User Manual: CSV Importer: Formatting Data
Data must be properly formatted before using the CSV Importer. The tool will provide error messages for improperly formatted data, but it’s best to do as much cleanup as possible before getting to the tool. In the templates generated from GitHub, the header rows hold the information needed to determine what should/can go in each field.
Data Types: Strings, Integers, Floats, Dates and Structured Dates
The data type of your field is noted in Row 3 of the GitHub-generated import template.
Strings are any combination of alphanumeric characters.
Example: a, b, c, 1, 2, 3
Integers are whole numbers
Example: 1, 2, 3
Floats are numbers that may include decimal points
Example: 1.2, 3.456
CollectionSpace does not currently support fractions in float fields (e.g. 1 ½).
Booleans are boxes that may be checked or unchecked
If you would like the box to be checked, enter TRUE into the field
If you would like the box to be unchecked, you may enter FALSE or leave the field blank
Dates are single calendar dates
For example: 01/02/2020
Structured dates are groups of fields in CollectionSpace that provide for fuzzy, ranged, and other non-single dates. You can import the whole date value as a string. If possible, it will be parsed into the more specific date elements (dateEarliestYear, dateEarliestMonth, datePeriod, dateLatestQualifierValue, etc.) that are viewable in the box that pops up when you click on a structured date in the record.
If you have more granular date data (separate day, month, year values), you cannot import them directly into the more specific structured date fields. You will need to combine them into a full date for import.
Regardless of whether your date string can be parsed into the more specific structured date elements, the string you import will remain in the “dateDisplayDate” and will be visible in the record.
Example: 01/02/2020, ca. 1920, 1950-1980, early 20th century
Controlled terms: Value Source Types and Value Sources: Optionlist, Vocabulary, and Authority Fields
The Value Source Type and Value Source for your field are noted in Rows 6 & 7 of the GitHub-generated import template. If the Value Source Type and Value Source fields have values in them other than N/A, the data in the field comes from a controlled source such as a pick list or authority.
Option lists are static pick lists in CollectionSpace - those that cannot be edited via the UI. For fields populated by an option list, you must use the values exactly as they appear in Row 7 of the GitHub-generated template, Value Source. For example, in Object Cataloging - Common, the collection value “permanent-collection” will import as expected. The following would not: “permanent collection” or “Permanent-collection”.

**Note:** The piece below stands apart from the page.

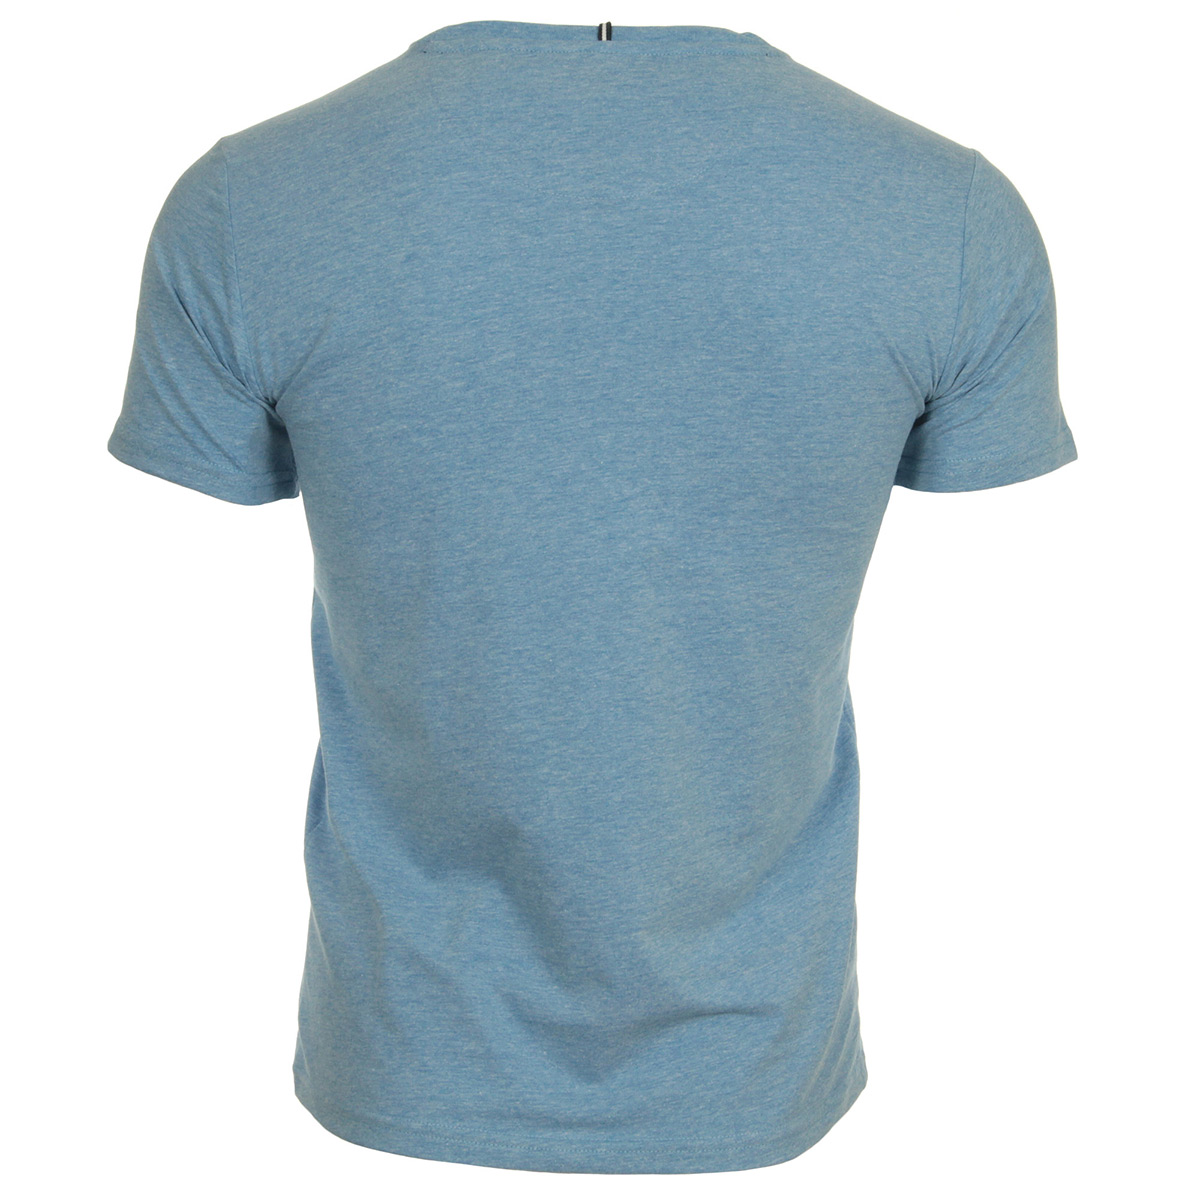 Ellesse T-Shirt EH TMC Uni Bleu Chine 1031NUNIBLEUCHINE, T-Shirts homme

Vocabularies are dynamic pick lists in Collection - those that can be edited via the UI. For fields populated by a vocabulary, you must use the values exactly as they appear in the “Name” field of the vocabulary. This includes capitalization, spacing, and any included punctuation. (Variations will be imported and will display, but they will not be matched up with/reconciled against the vocabulary, introducing inconsistency in your data).
Tip: As every museum may have different terms in dynamic lists, these values are not included in the templates on GitHub. You may wish to add these values to your locally saved version of the template.

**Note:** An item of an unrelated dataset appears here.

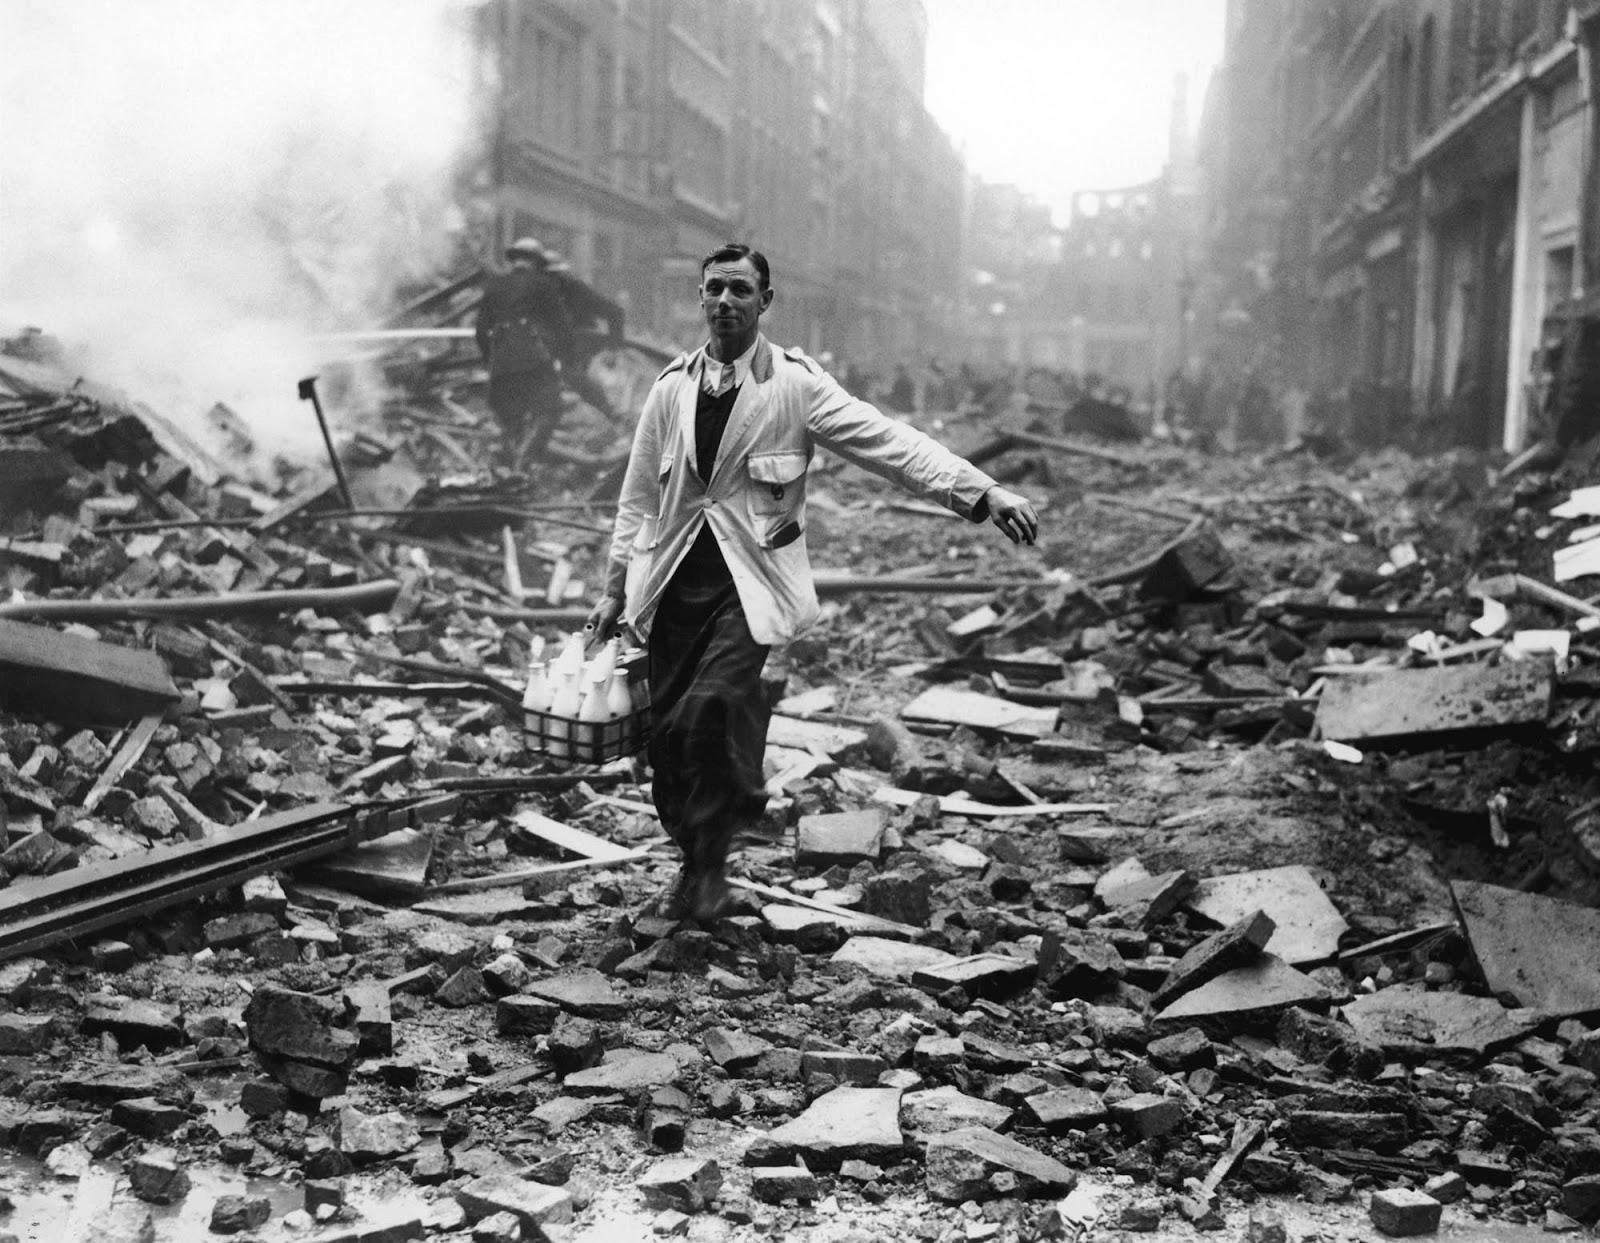 The Milkman - 1940. Rare Historical Photos

Critical Tip: You must create new terms in a given vocabulary before importing other records that use those terms. If you use a vocabulary term in a record, and that vocabulary term does not exist in the vocabulary, the CSV Importer will not import the record that uses the missing term. The Processing step will prepare a report of all unique missing terms in a given batch. This report includes the term and what authority or vocabulary the term must be added to.
Authority fields pull data from one or more authorities. For fields populated by an authority , the CSV value should exactly match the Display value field of the term in the appropriate authority. If there is a mismatch, the term used in your record will not be connected to the authority as expected and a new term will be created.
Tip: If a field is linked to more than one authority, the GitHub-generated template will include multiple columns for that field; for example, acquisitionSourcePerson and acquisitionSourceOrganization.
Critical Tip: You must create new terms in a given authority before importing other records that use those terms. If you use an authority term in a record, and that authority term does not exist in the authority, the CSV Importer will not import the record that uses the missing term. The Processing step will prepare a report of all unique missing terms in a given batch. This report includes the term and what authority or vocabulary the term must be added to.
Fields with N/A in the value source type can be formatted according to your local practice.
Multi-valued or Repeatable Fields
Whether or not a field is repeatable is noted in Row 4 of the GitHub-generated import template.
Values for multi-valued fields should be separated with a pipe: |
To enter the pipe | character, select shift and the key directly under your delete/backspace key
Example: Eleanor Brown|Daphne Brown
For multi-valued fields with multi-valued sub-fields, such as the Title block in Object Cataloging, non-repeating sub fields should be separated with a |, repeating sub-fields should be separated with a | for each top-level instance and ^^ for each repeating value of the subfield (sample below). The ^ is above the 6 key on your keyboard.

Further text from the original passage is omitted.